Model Configurations

NVIDIA ACE Agent NLP server utilizes model information mentioned in model_config.yaml to host model servers and provide the unified API server for integrating models to the dialog pipeline. model_config.yaml group model information under different model server blocks.

On the top level, model_config.yaml has a single model_servers key and it contains a list of maps where each map represents a single instance of model_server. Each model server map should contain the name field mandatorily. Available options are triton, riva, nemo_llm, openai_llm, and custom.

Triton Inference Server

Triton Inference Server is an open source inference serving software which enables teams to deploy any AI model from multiple deep learning and machine learning frameworks, including TensorRT, TensorFlow, PyTorch, ONNX, Python, and more.

Triton Inference Server Keys

Key

Description

url

Triton gRPC URL [Mandatory]

http_url

Triton HTTP URL [Optional]

nlp_models

List of NLP models for deployment, skip if using an already hosted Triton server.

speech_models

List of ASR and TTS models, will only be deployed if the --speech flag is used.

Riva Skills Server

NVIDIA Riva is a GPU-accelerated SDK for building Speech AI applications, customized for your use case, and delivering real-time performance.

Riva Skills Server Keys

Key

Description

url

Riva Triton gRPC URL [Mandatory]

riva_url

Riva API gRPC Server URL, needed if using Riva translation models.

http_url

Riva Triton HTTP URL [Optional]

nlp_models

List of NLP models for deployment, skip if using an already hosted Riva Skills server.

speech_models

List of ASR and TTS models, will only be deployed if the --speech flag is used.

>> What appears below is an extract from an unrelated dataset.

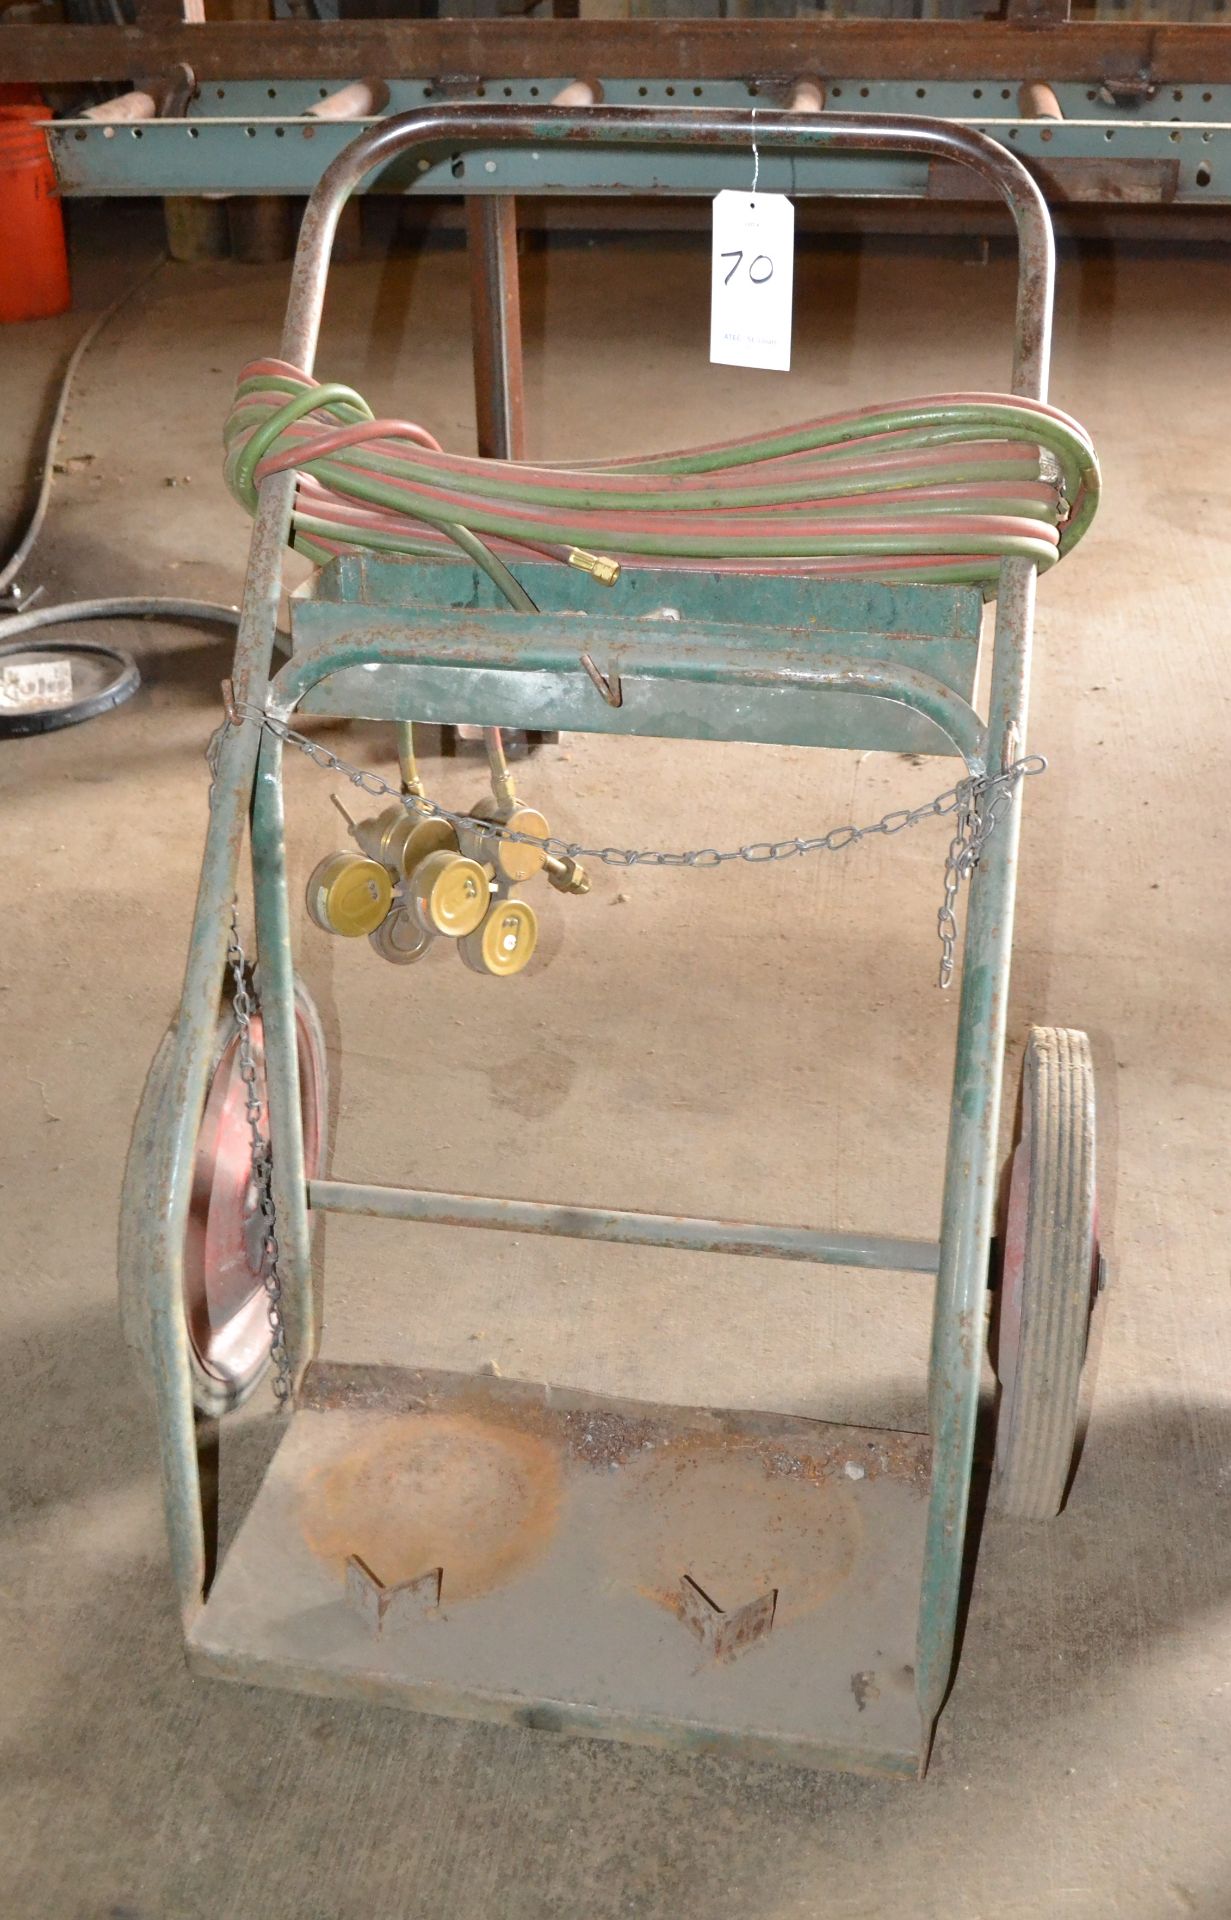 Lot Consisting of (2) Welding Carts With Hoses & Gauges - Image 3 of 5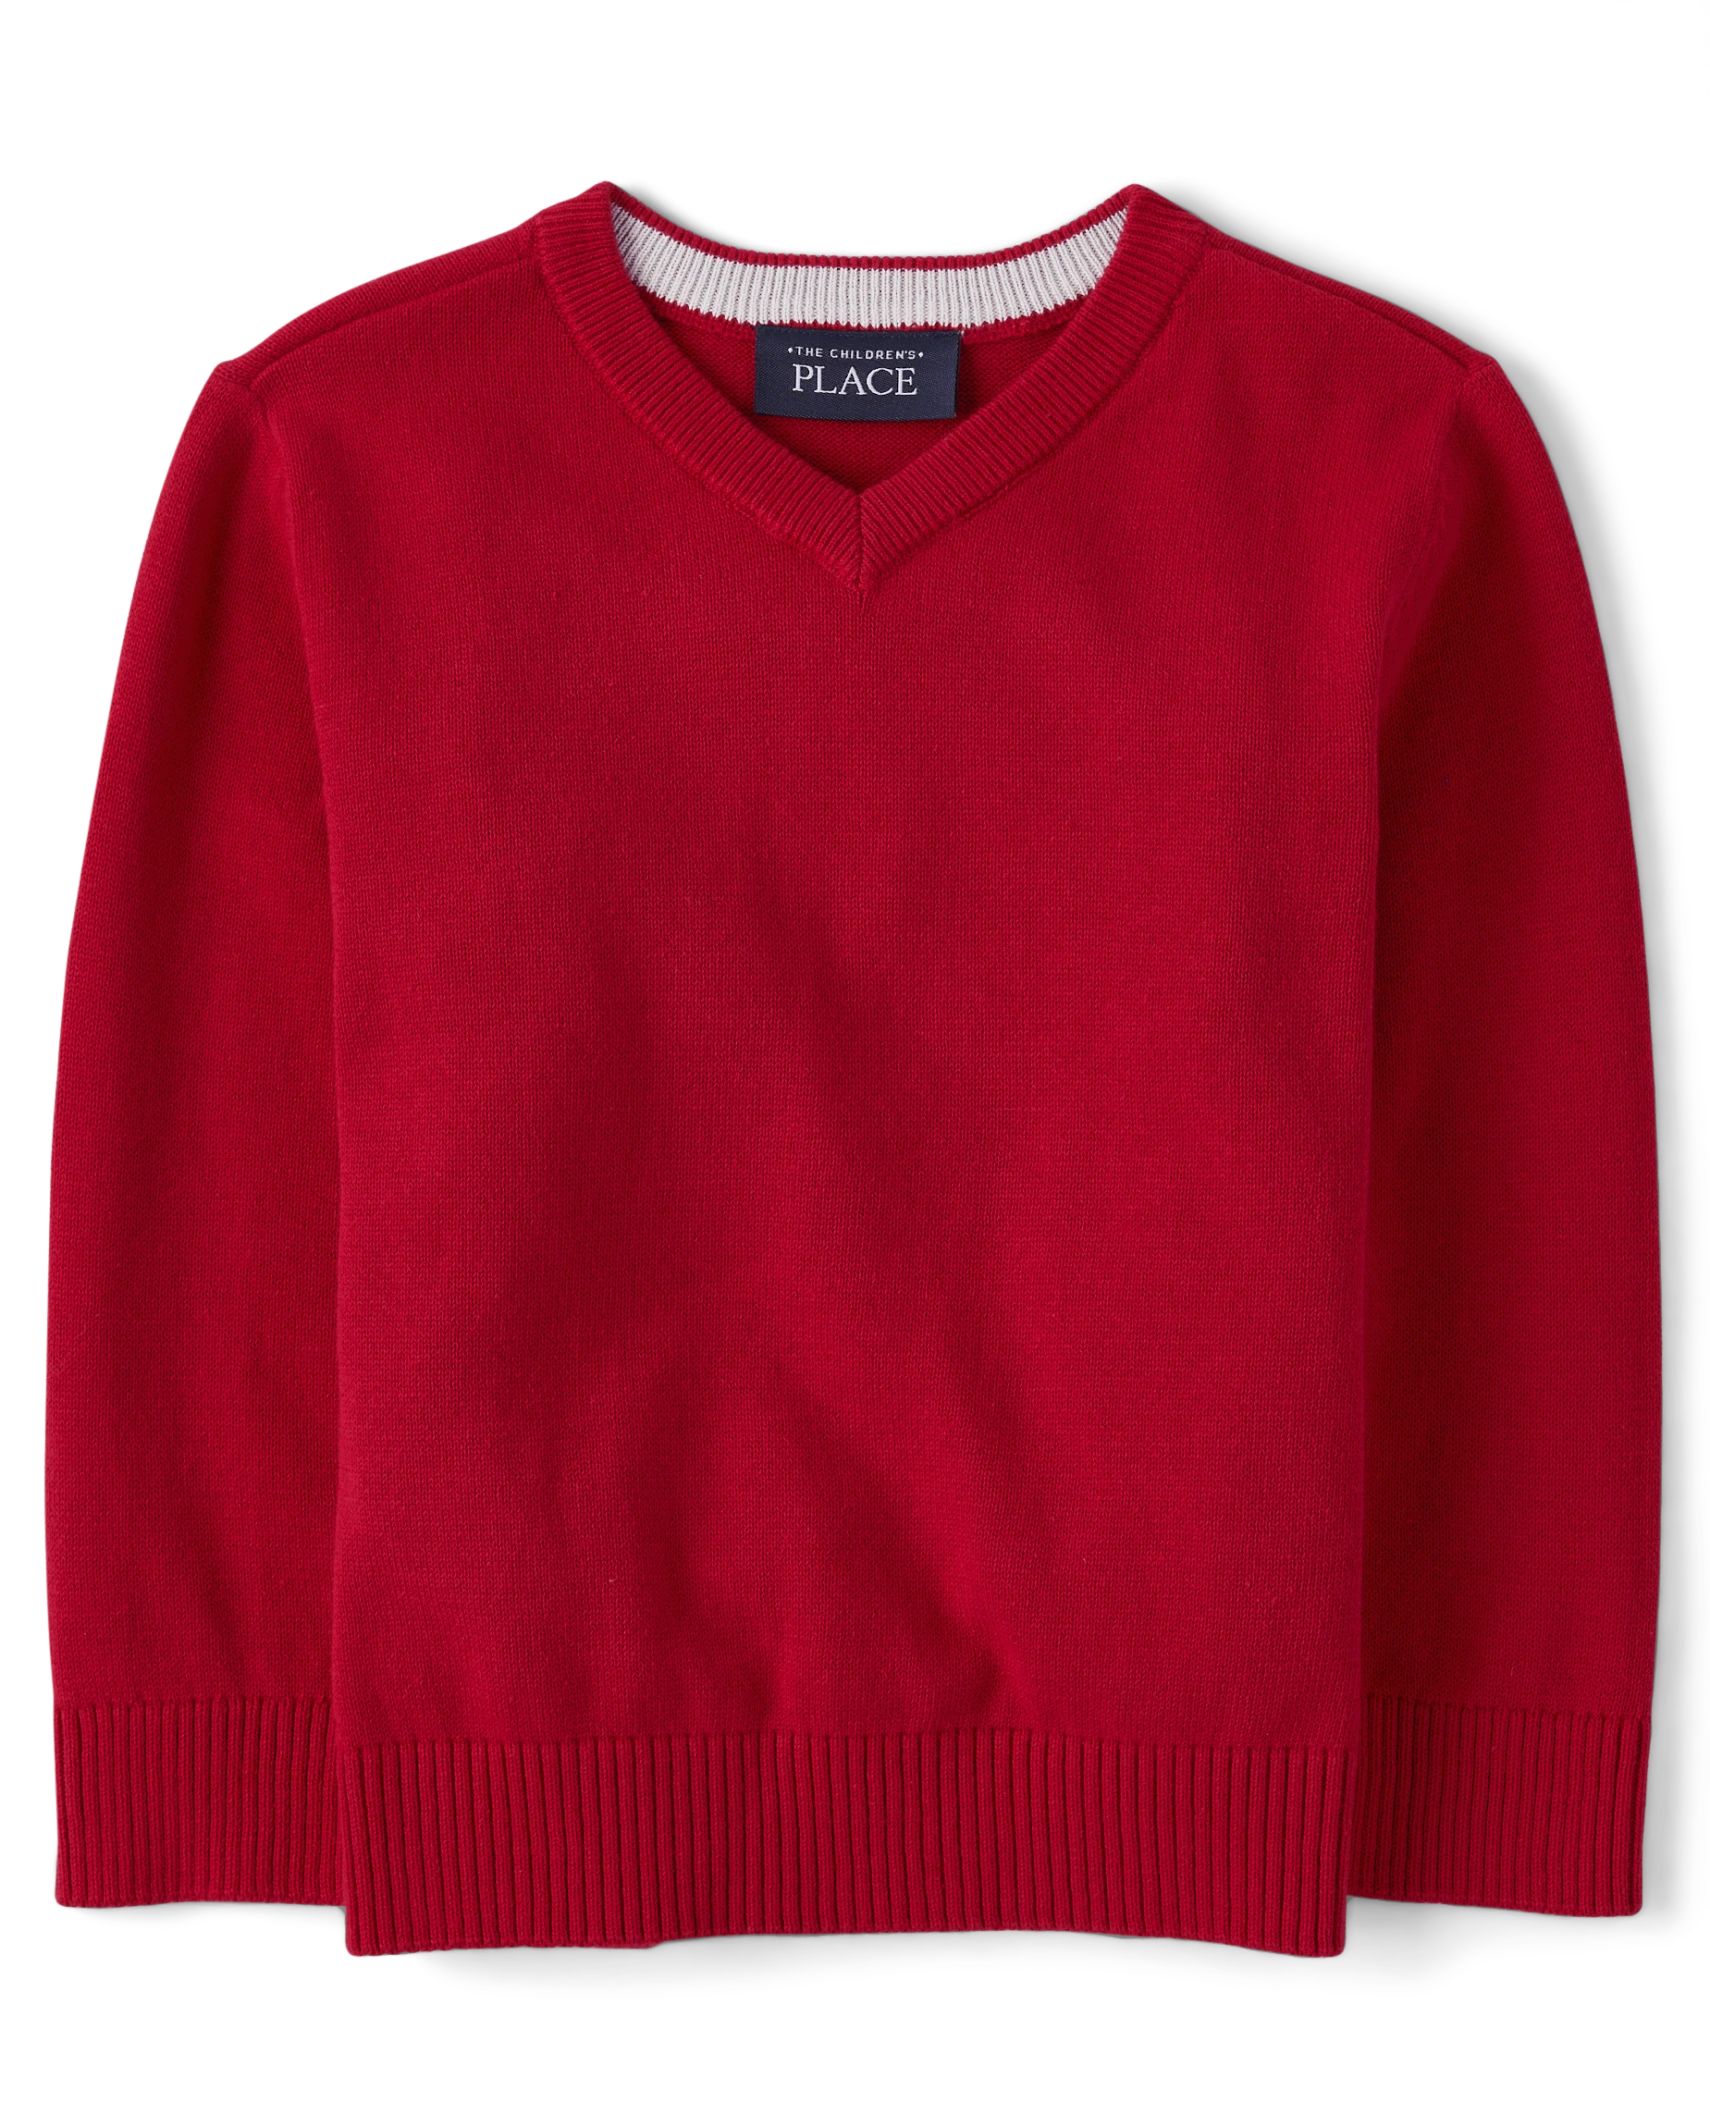 Baby And Toddler Boys V-Neck Sweater - classicred | The Children's Place

Recommend Speech Models - ASR model - nvidia/ucs-ms/rmir_asr_parakeet_1-1b_en_us_str_vad:2.15.0 - TTS model - nvidia/riva/rmir_tts_fastpitch_hifigan_en_us:2.13.0

Custom Models

The NLP server allows you to easily deploy any Hugging Face, NeMo or any other custom model by creating the @model_api and @pytriton decorators inference clients.

Custom Models Keys

Key

Description

nlp_models

@mode_api and @pytriton decorated inference model clients.

speech_models

Speech model inference clients will be only deployed if the --speech flag is used.